To accelerate your microbenchmarking work, a template for the first microbenchmark and a code frame are available. You may build the code through the provided Makefile by typing make.

Tasks

  1. Look up the instruction processing pipeline of the Cortex-A72 microarchitecure in the Cortex®-A72 Software Optimization Guide. Briefly explain a situation where the out-of-order portion of the microarchitecture is advantageous compared to a strict in-order core.

  2. Look up the throughput of the AArch64 MADD instruction in the W-form. Which pipelines are used by MADD? Assume a stable clock frequency of 1.5GHz. How many independent MADD instructions per second may a single Cortex-A72 core execute?

  3. Follow the approach of the lectures to develop a microbenchmark which measures the peak MADD throughput. Loop over a set of independent MADD instructions and name your kernel micro_aarch64_madd_w_independent. Report the obtained performance!

  4. Look up the effective execution latency of MADD. What is the instruction’s latency when read-after-write dependences exist w.r.t. Rn or Rm? Assume a stable clock frequency of 1.5GHz. How many MADD instructions per second may a single Cortex-A72 core perform if respective latency-bound code is executed?

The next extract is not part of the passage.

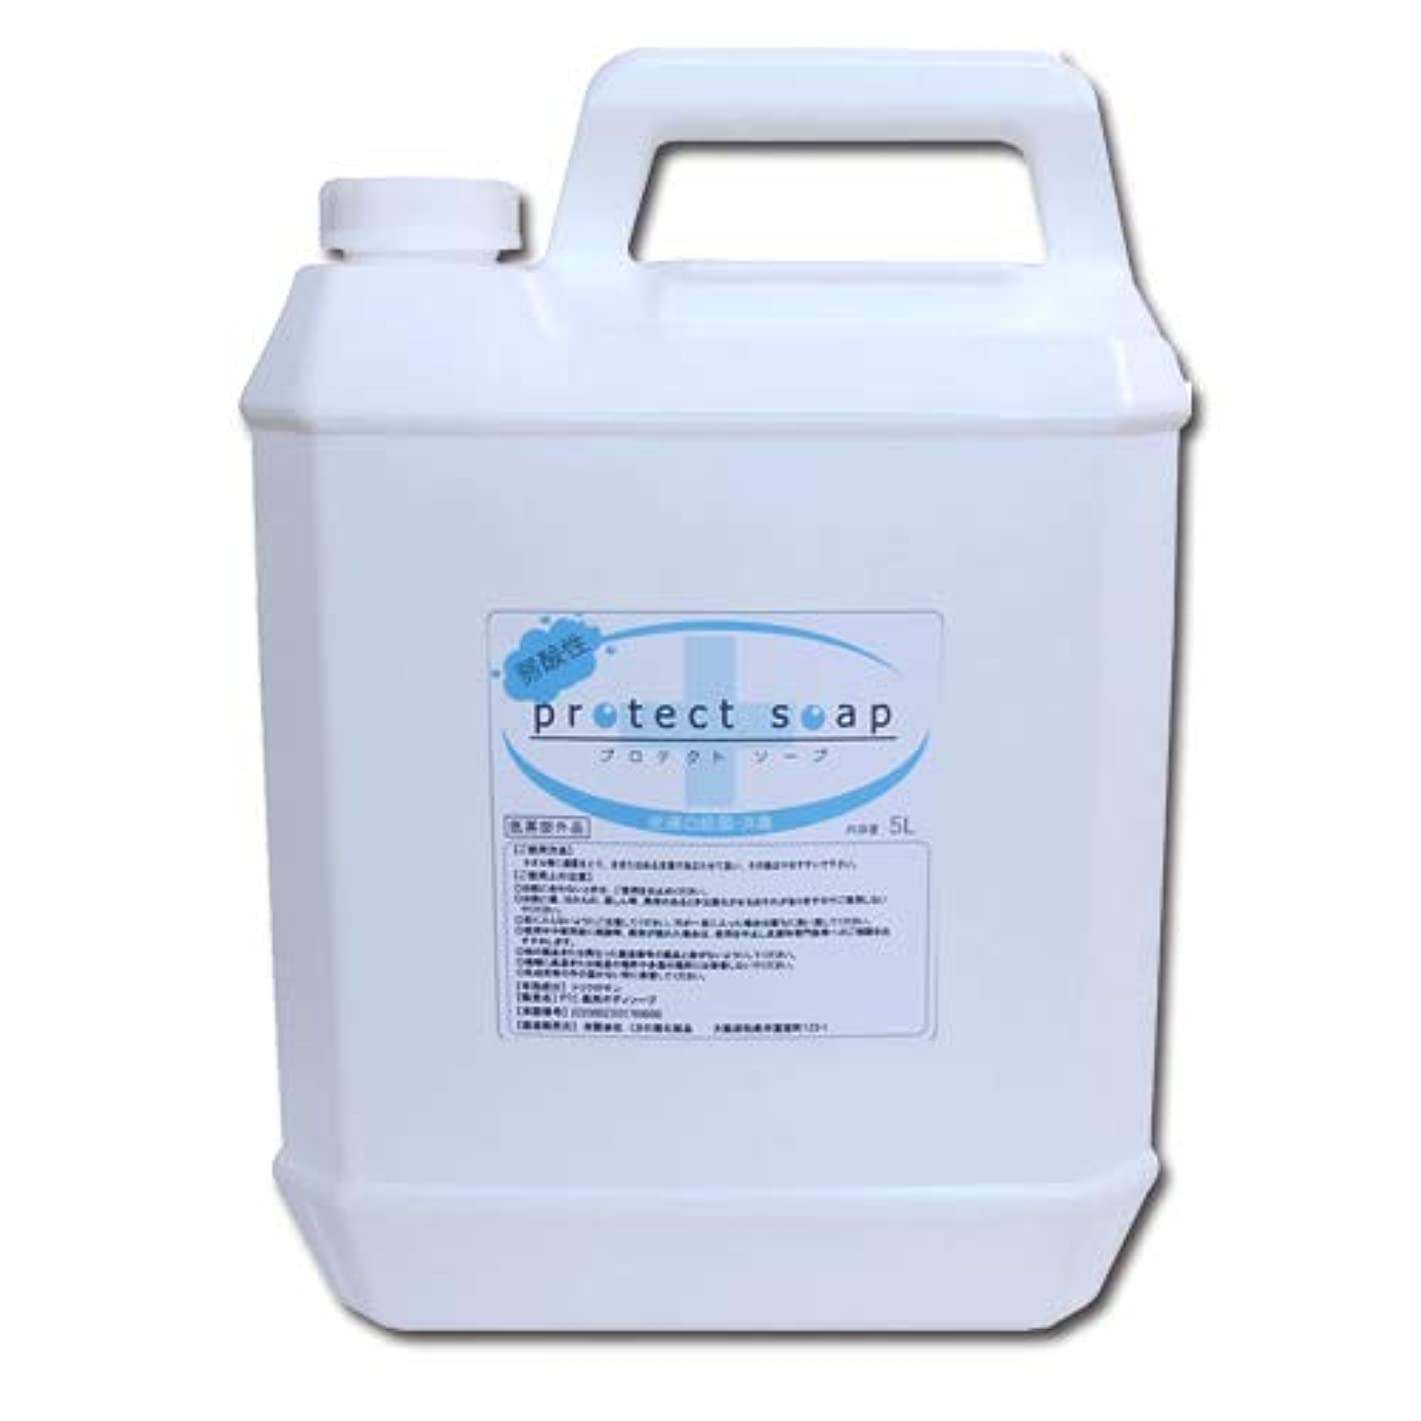 低刺激弱酸性 液体石鹸 プロテクトソープ 5L 業務用│せっけん液 液体せっけん 殺菌?消毒 インフルエンザ?ノロウィルス対策

  5. Follow the approach of the lectures to develop a microbenchmark which measures the exec latency of MADD in the W-form. Loop over a set of MADD instructions which are subject to read-after-write dependences w.r.t. Rn and name your kernel micro_aarch64_madd_w_raw_rn. Run your benchmark!

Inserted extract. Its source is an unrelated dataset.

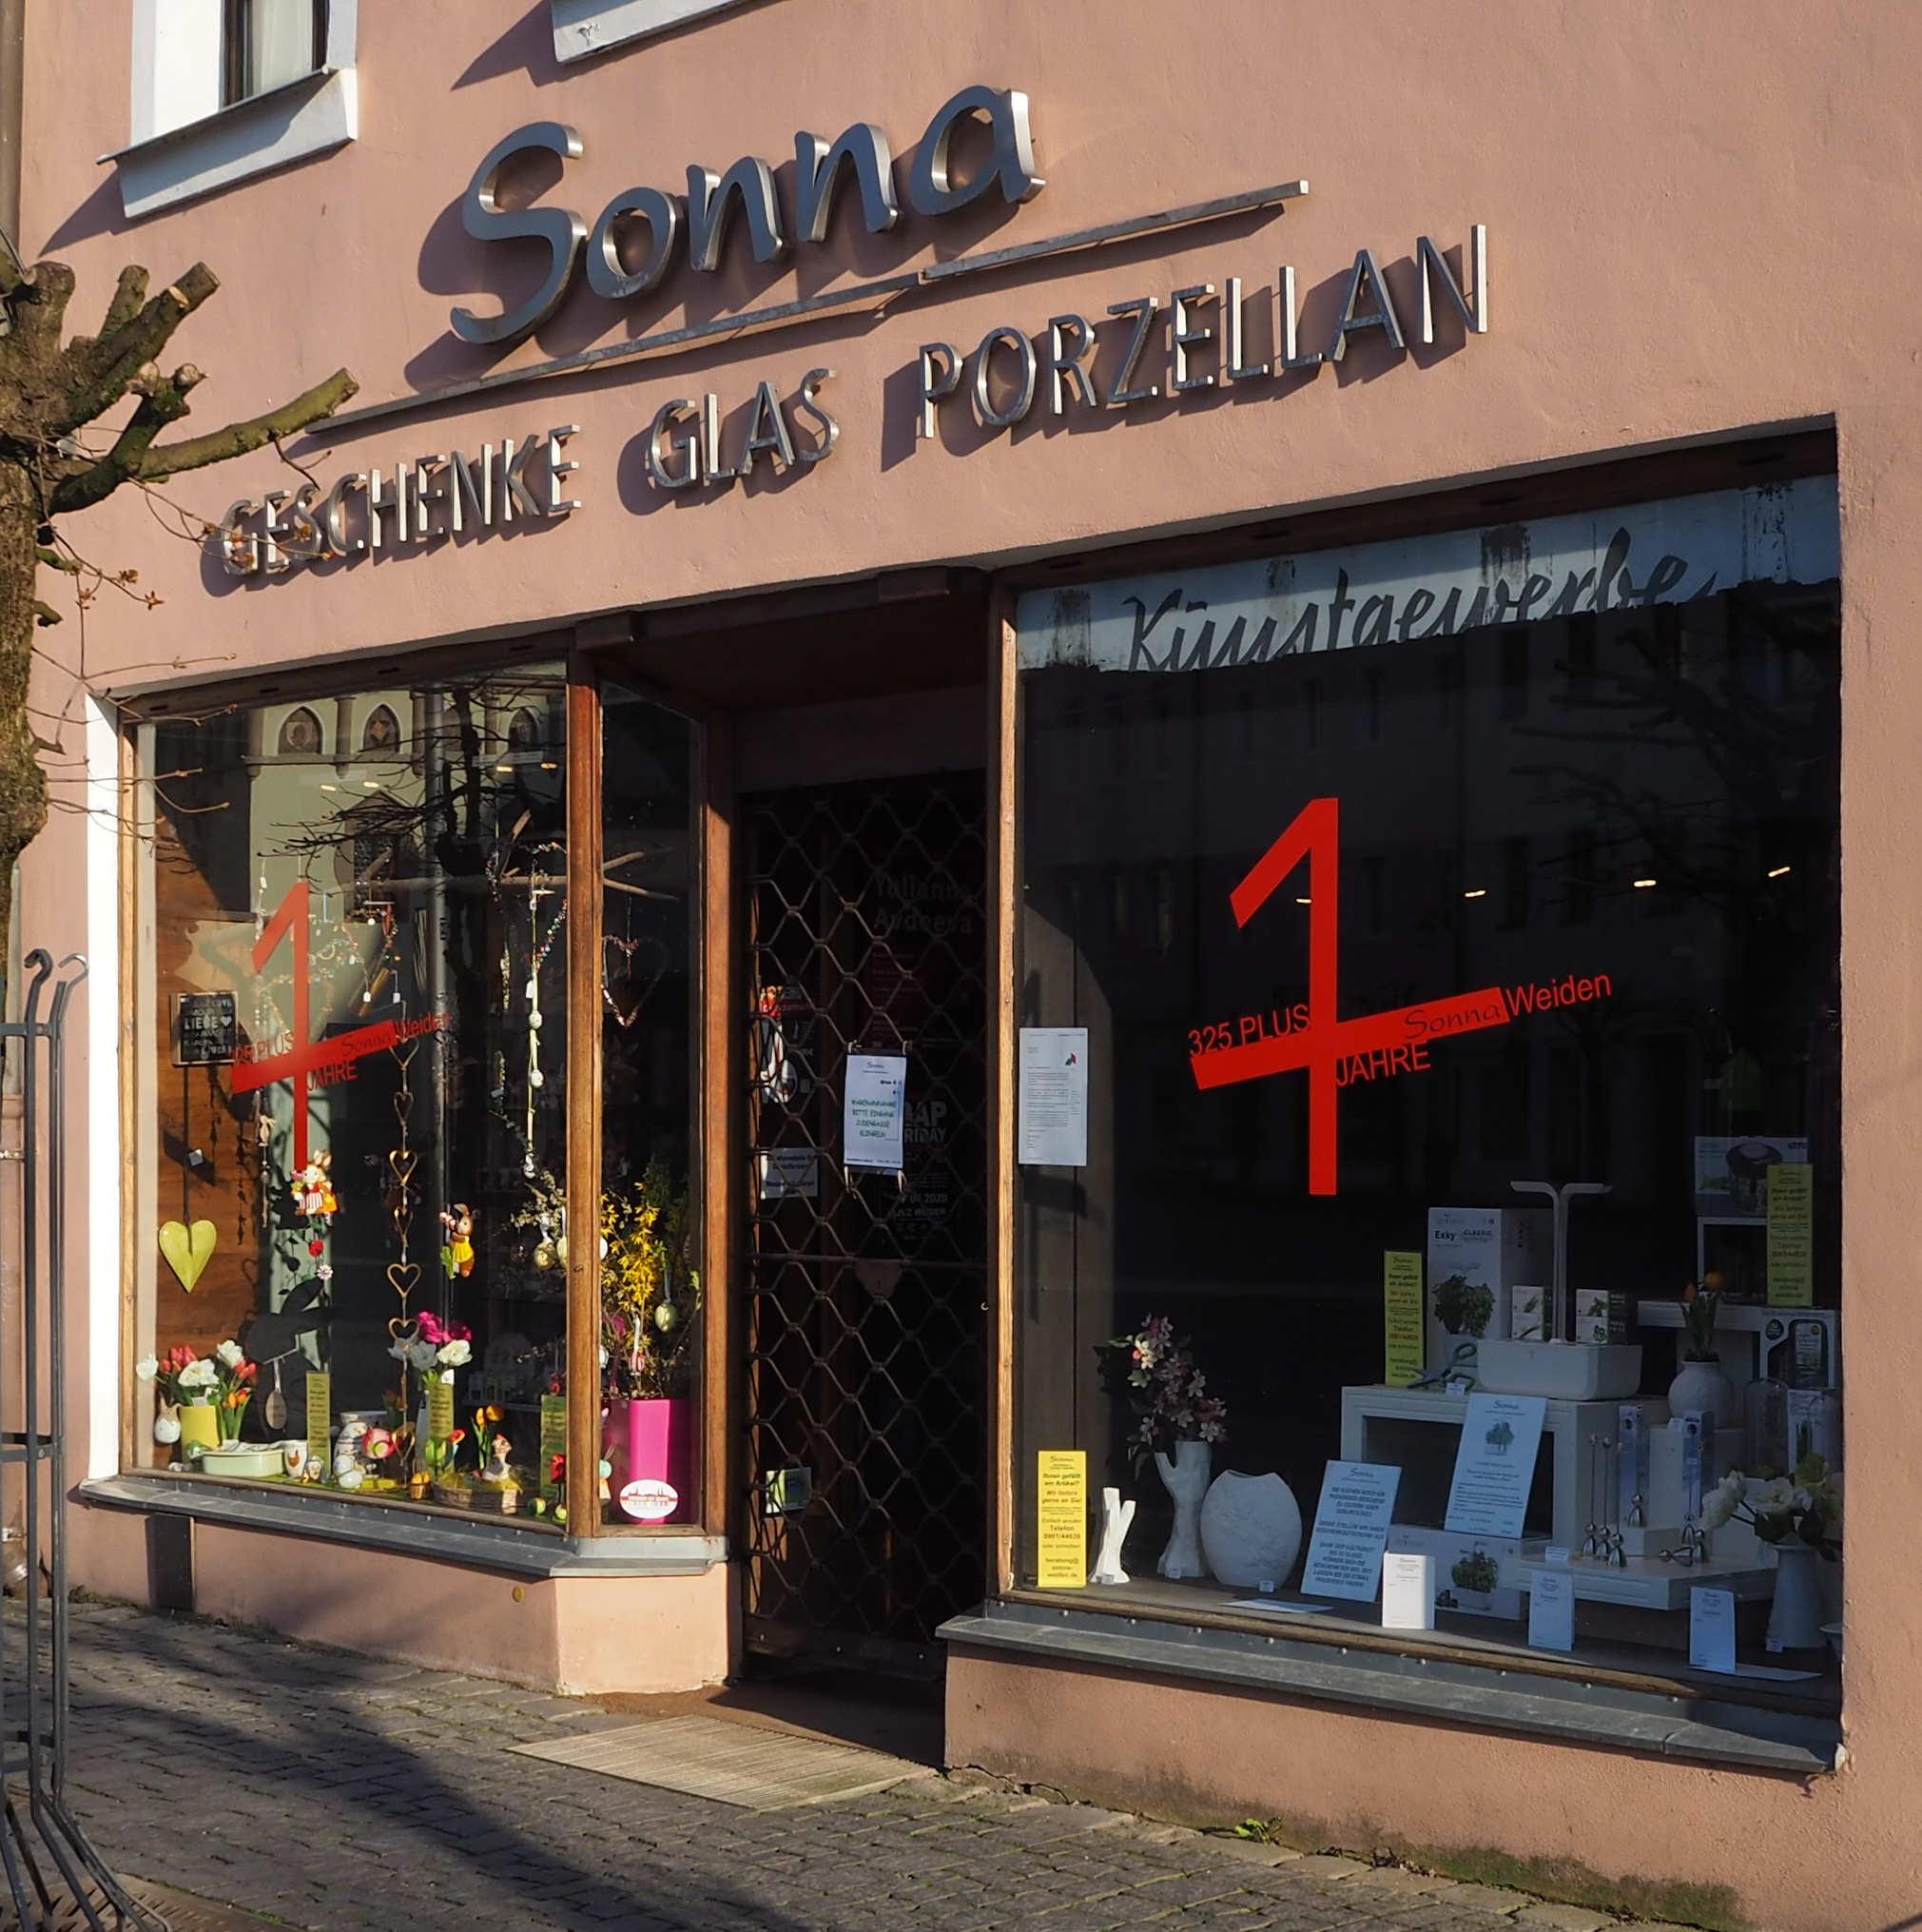 Sonna Geschenke & Haushaltswaren

  6. Design a microbenchmark to demonstrate the core’s out-of-order capabilities. For this use a loop to repeatedly execute two blocks of MADD instructions:

    • Use MADD instructions with read-after-write dependences w.r.t. Rn or Rm in the first block.

    • Use independent MADD instructions in the second block.

    Name your kernel micro_aarch64_madd_w_raw_and_independent.